The exchange followed comments by Foreign Ministry spokesperson Hua Chunying on Thursday accusing the United States of stoking the conflict in Ukraine by supplying arms to the Ukrainian military.
The United States has supplied an estimated $360 million in arms to bolster Ukraine’s defenses in recent months, including Javelin anti-tank missiles, small arms and other weapons.
China has made clear it is unofficially siding with Russia in the conflict by not condemning the military aggressions, despite a declared policy of respecting foreign nations’ sovereignty and not interfering in their internal affairs.
Ms. Hua also accused the United States of inciting the conflict by claiming the Russian invasion would take place Feb. 16, what she called a deliberate “false alarm” to incite a conflict.
“Those who follow the U.S.’s lead in fanning up flames and then shifting the blame onto others are truly irresponsible,” Ms. Hua said. “As the culprit, the person who started the fire should think about how to put out the fire as soon as possible.”
China has refused to characterize the Russian military operation as an invasion.

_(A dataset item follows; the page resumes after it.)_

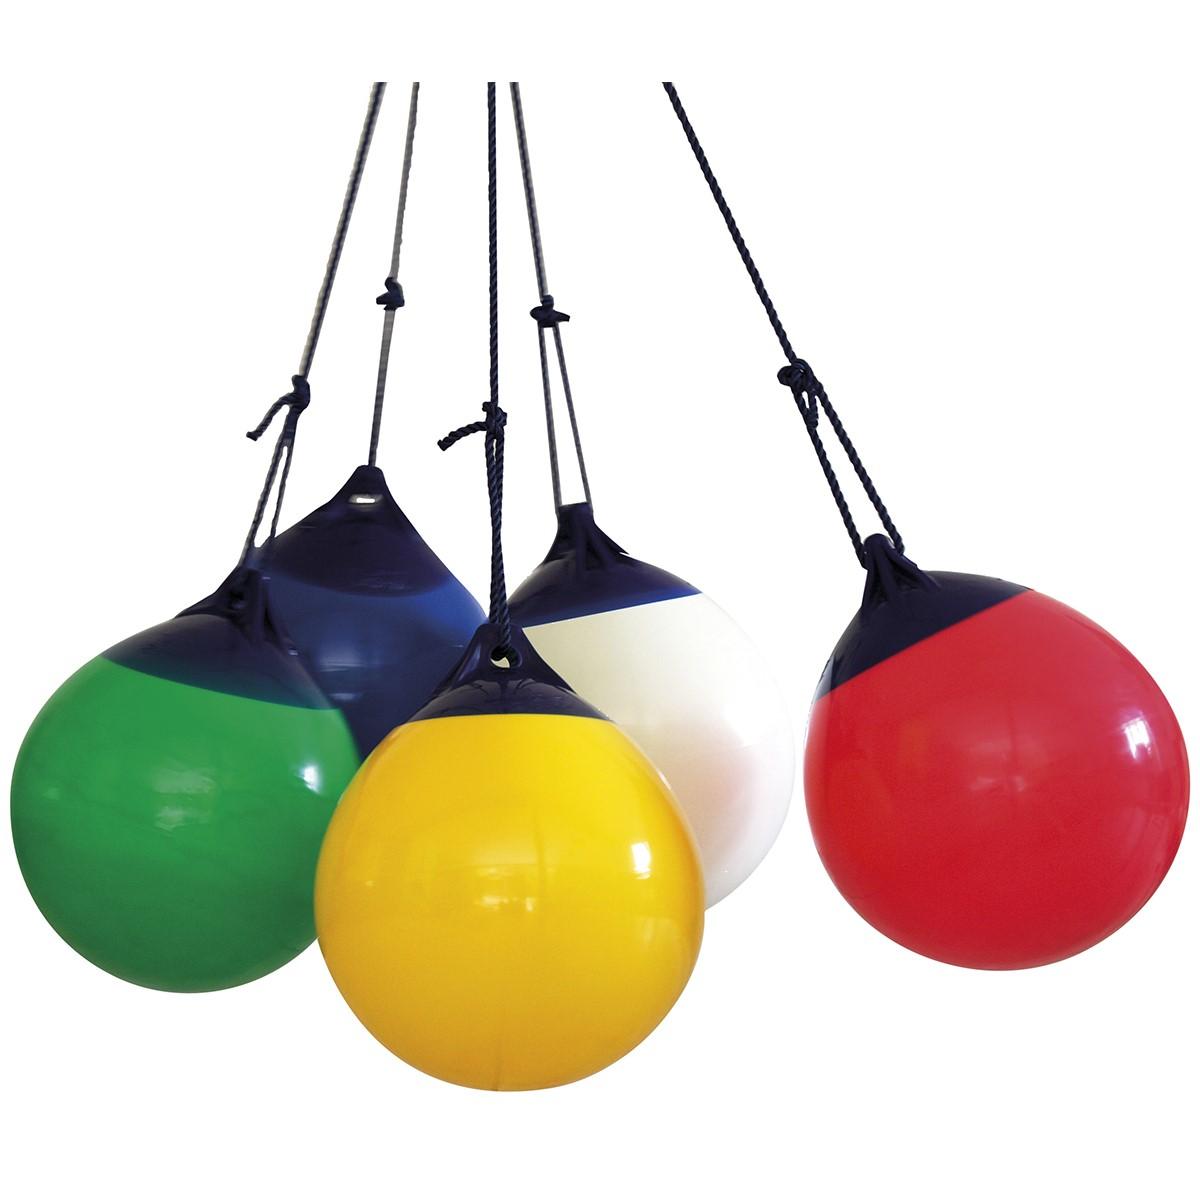 Balancoire Bois Interieur : Balan?oire Ball d'int?rieur ou d'ext?rieur FAB DESIGN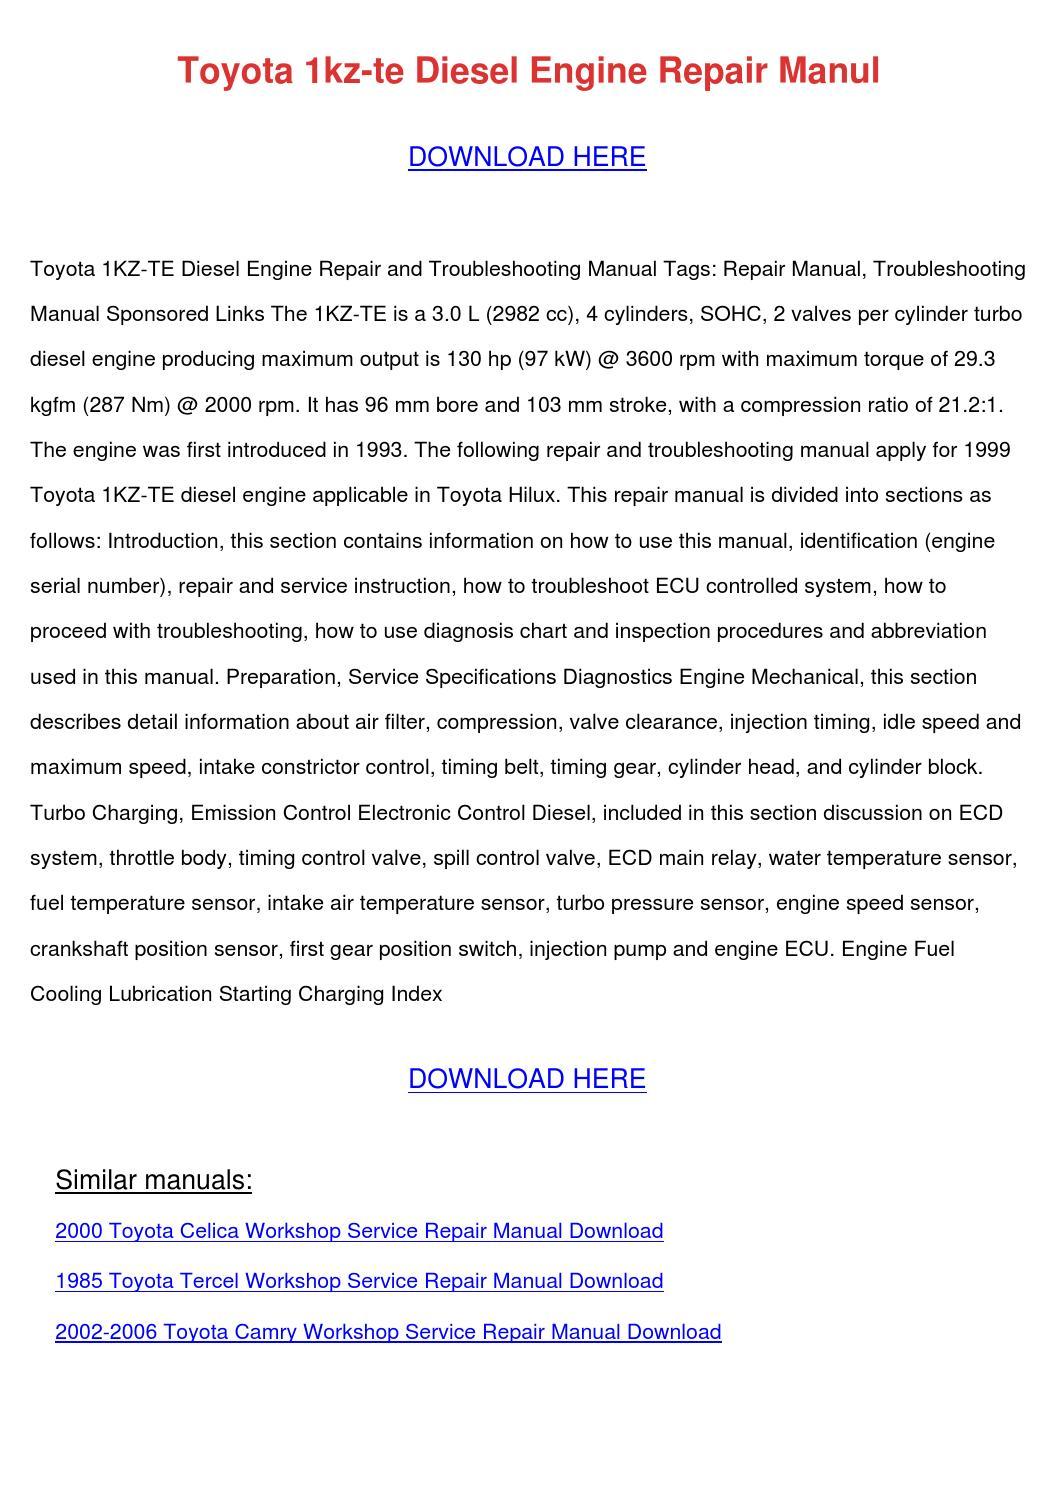 Toyota 1kz Te Diesel Engine Repair Manul by CarlotaBledsoe

“China is willing to work with all parties in the international community to advocate a common, comprehensive, cooperative and sustainable security concept, and firmly safeguard the international system with the United Nations at its core,” Mr. Xi said during the call with Mr. Putin.
That prompted White House officials to hold a one and half hour meeting with China’s ambassador to the United States, Qin Gang. The officials provided him with U.S. intelligence suggesting Russian armored units appeared to be surrounding Ukraine in preparation for an attack.
Late last week, Mr. Blinken called China‘s Mr. and urged him to help preserve Ukraine’s sovereignty and territorial integrity — among the Chinese Communist Party’s declared five principles of foreign policy.